WHAT NEEDS TO BE DONE :: Reproduce the listing in full, exactly as written, but without images.

DATA PROVIDED below:

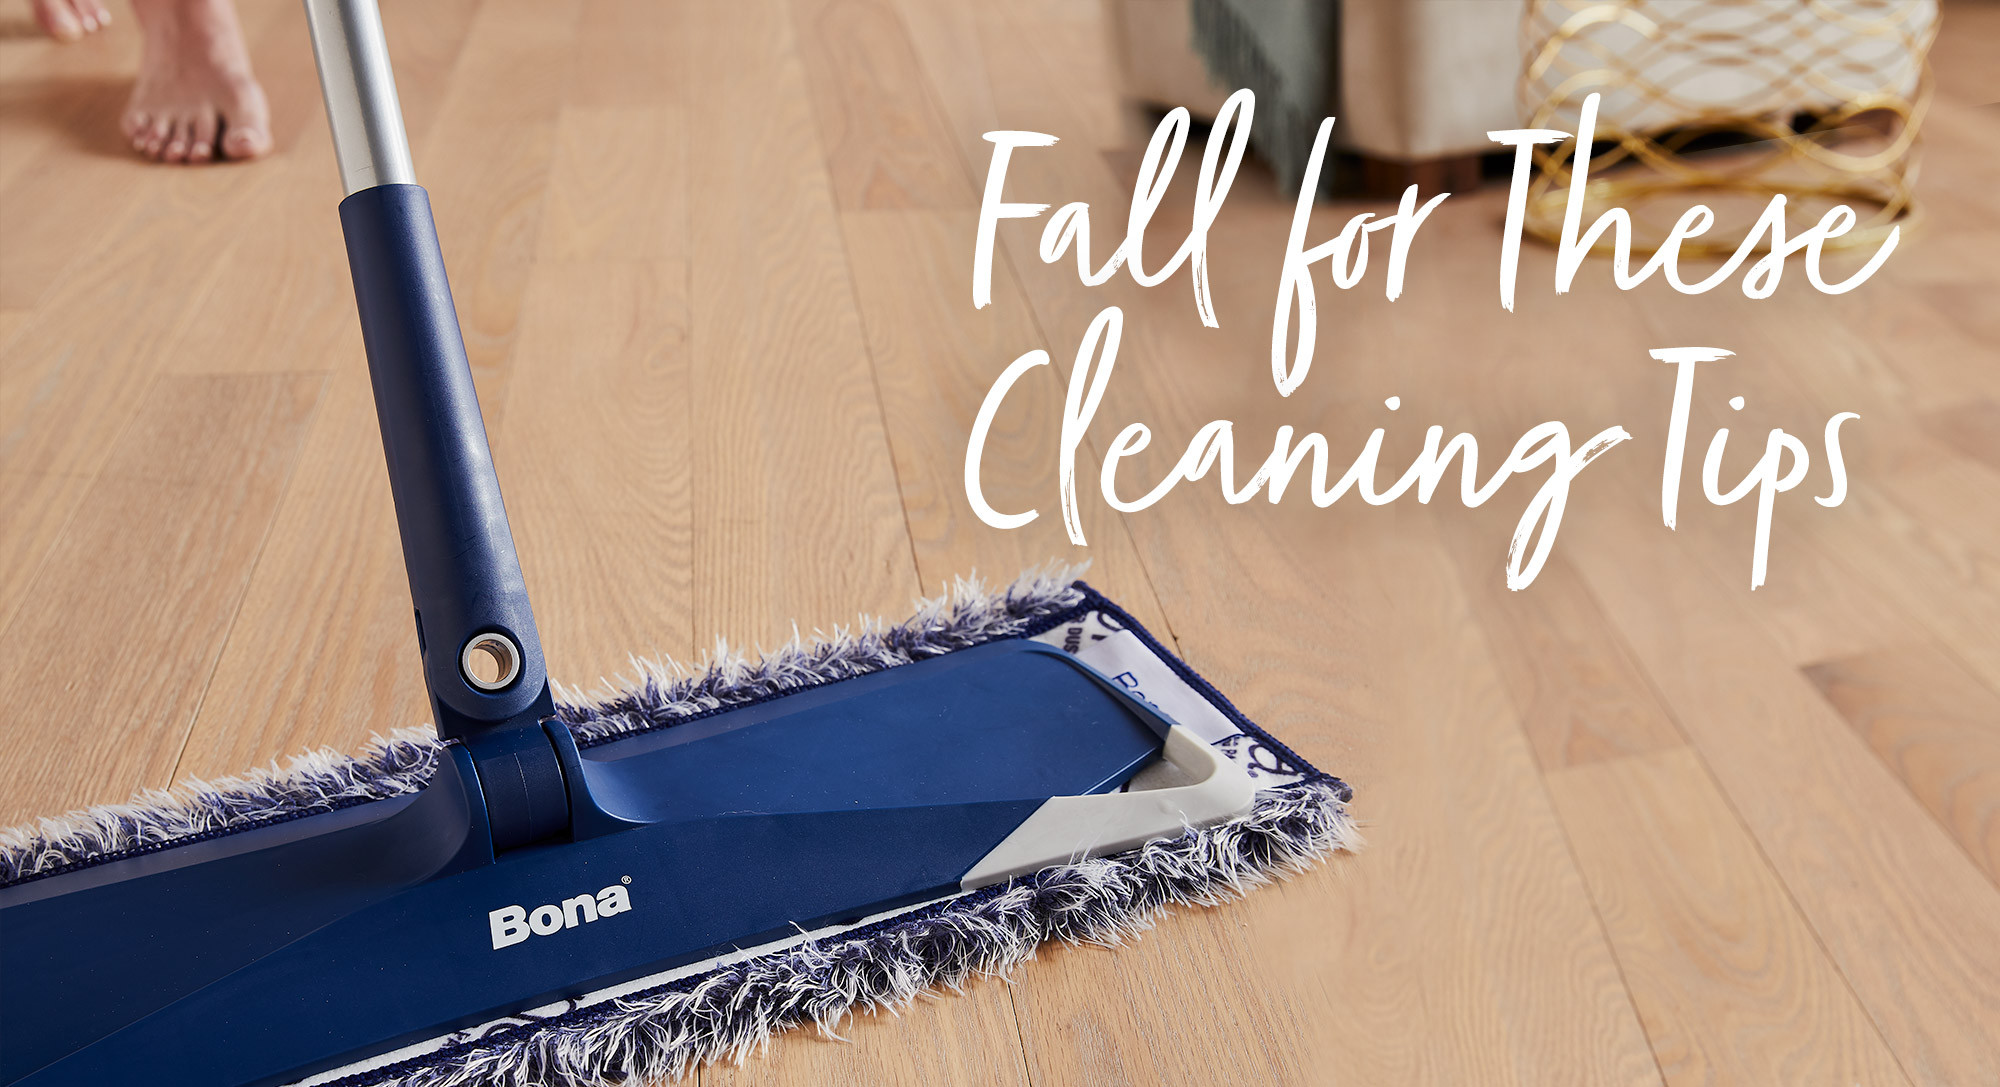 bona hardwood floor spray mop kit of home bona us regarding fall feature2
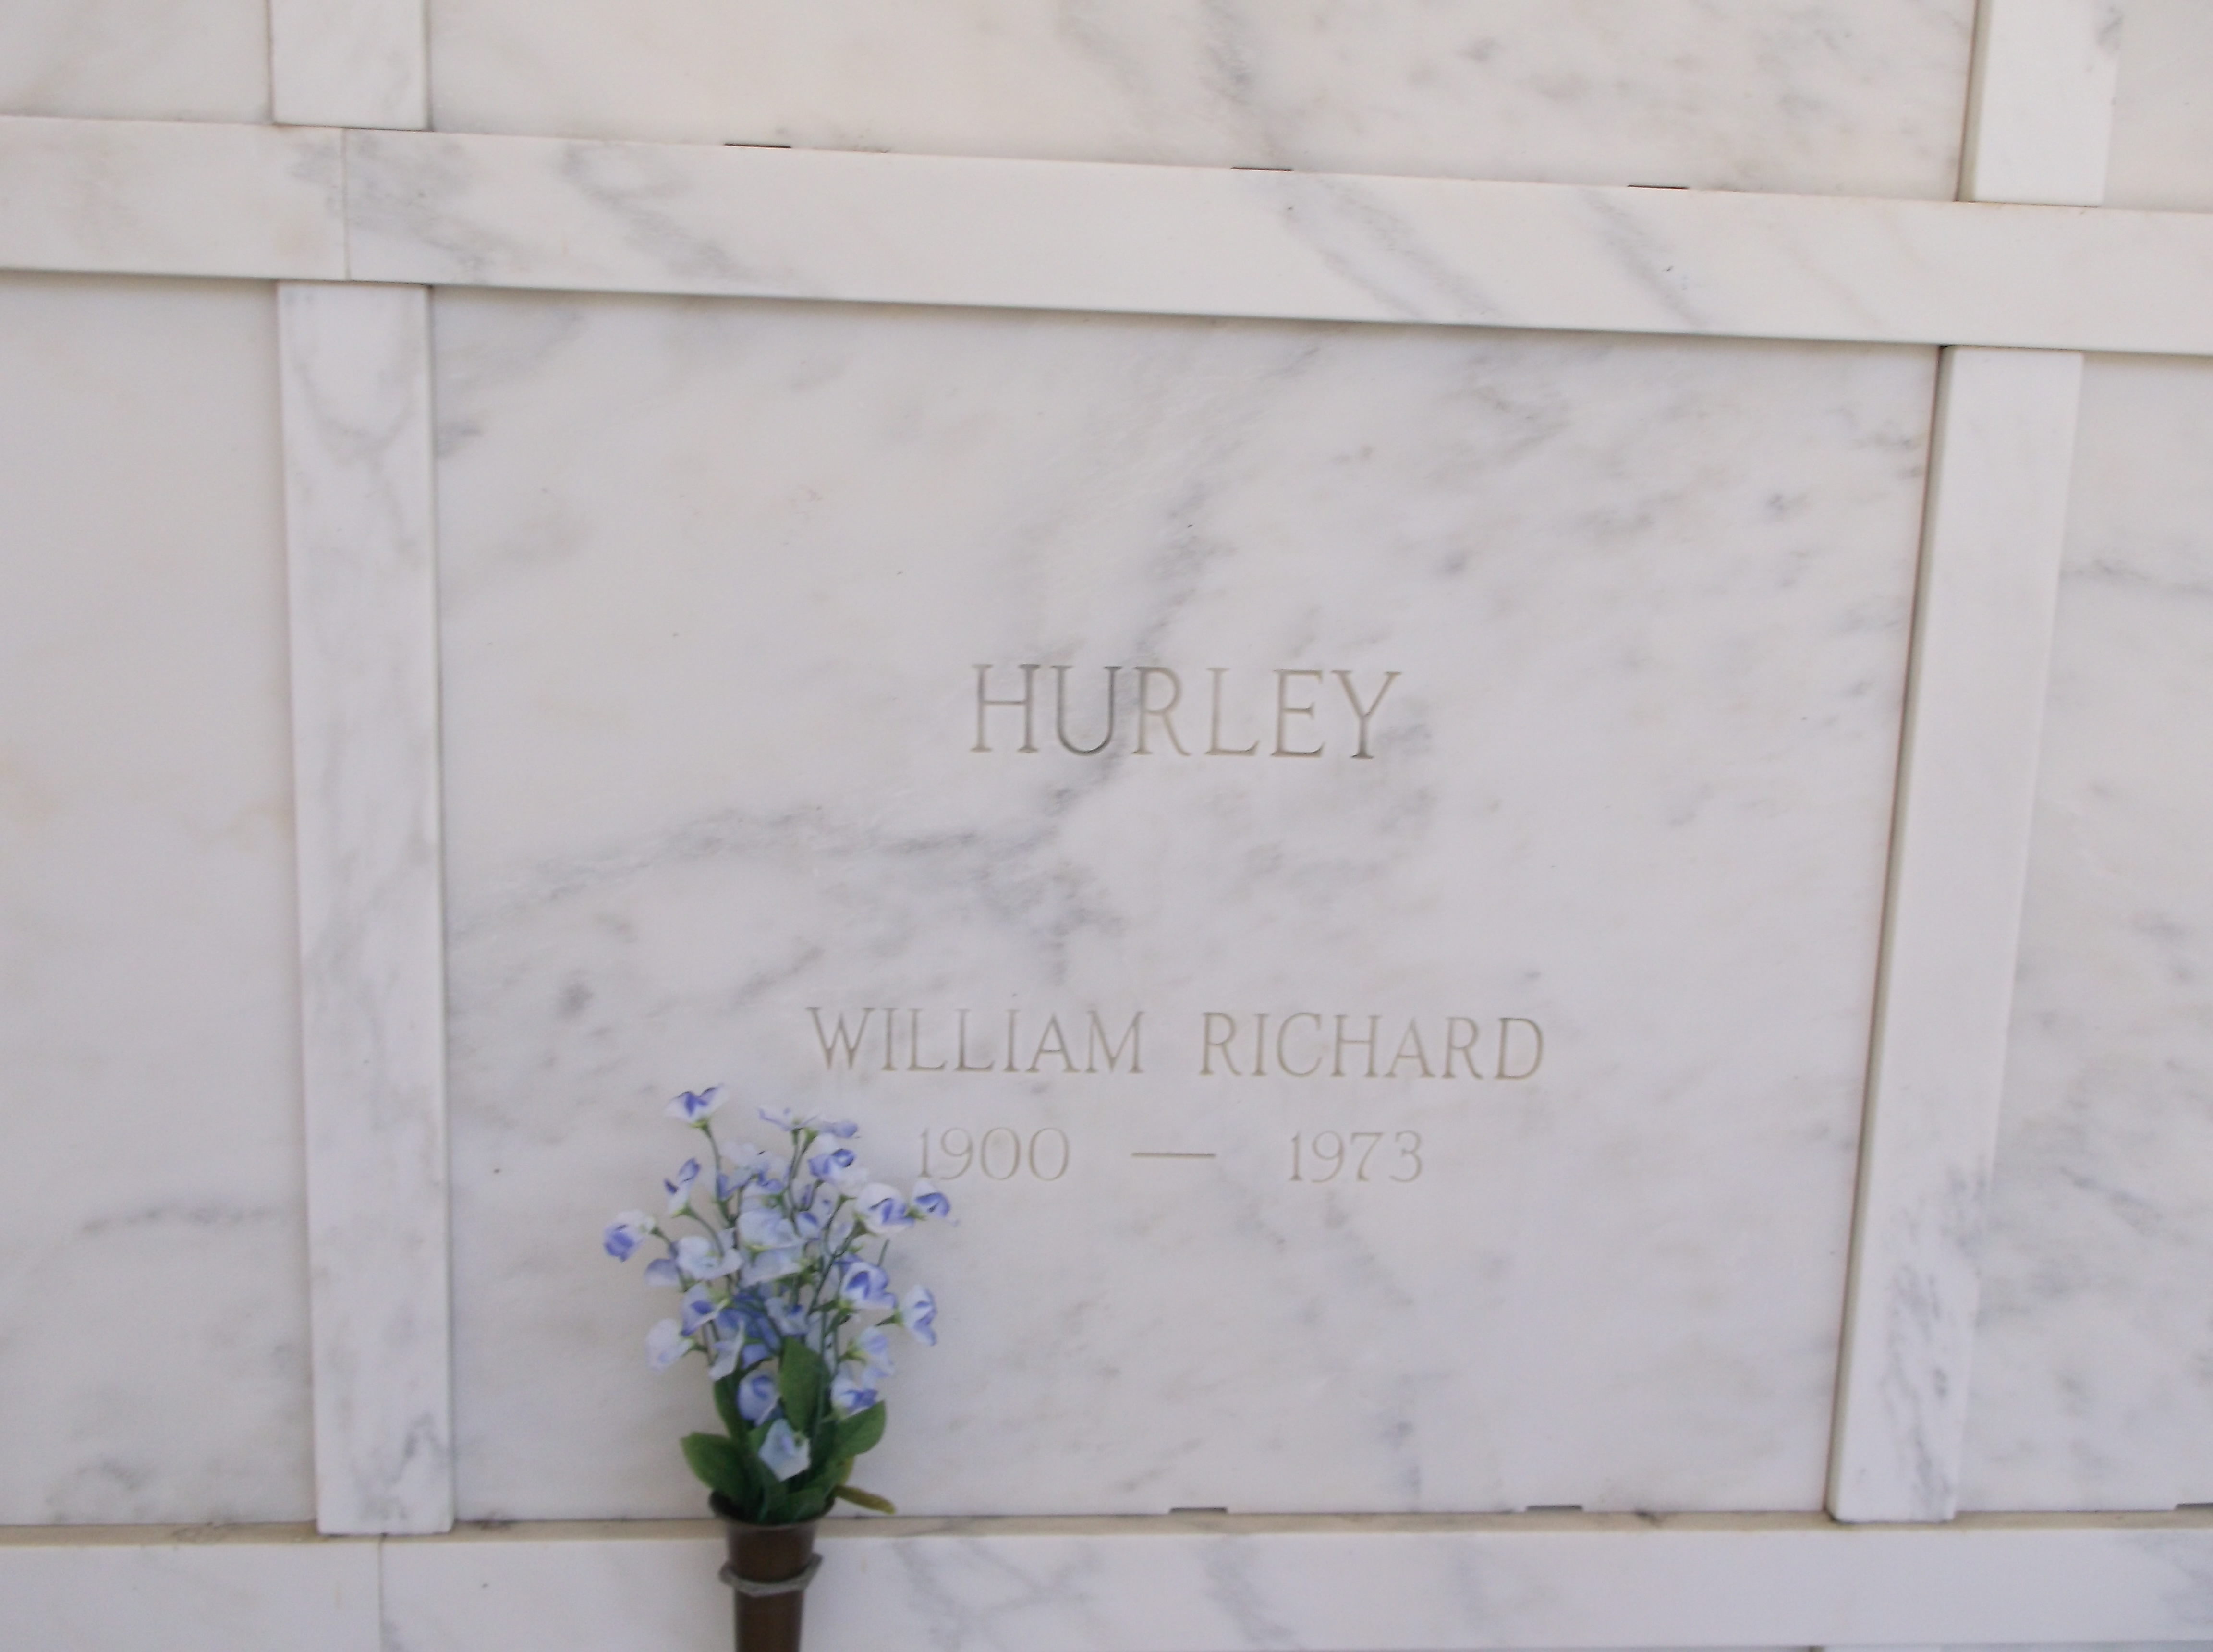 William Richard Hurley
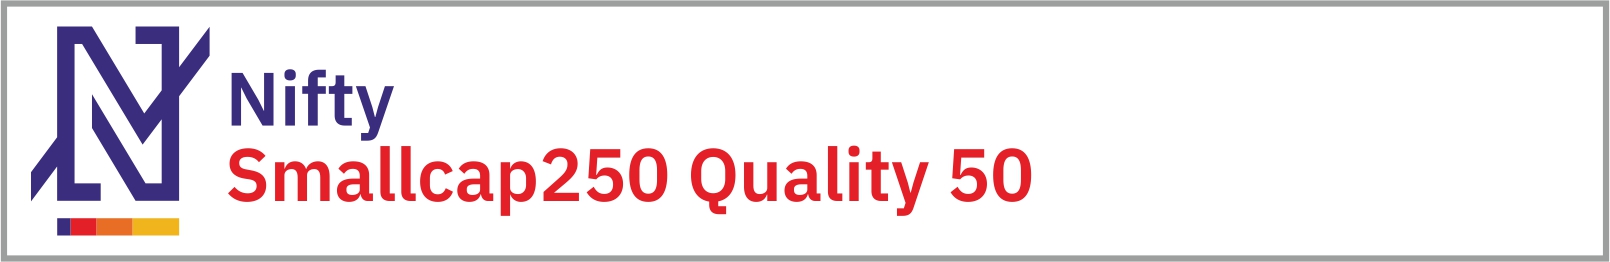 Nifty Smallcap250 Quality 50 logo

End of DATA PROVIDED.

ANSWER BOX ::
 bona hardwood floor spray mop kit of home bona us regarding fall feature2
 William Richard Hurley
 Nifty Smallcap250 Quality 50 logo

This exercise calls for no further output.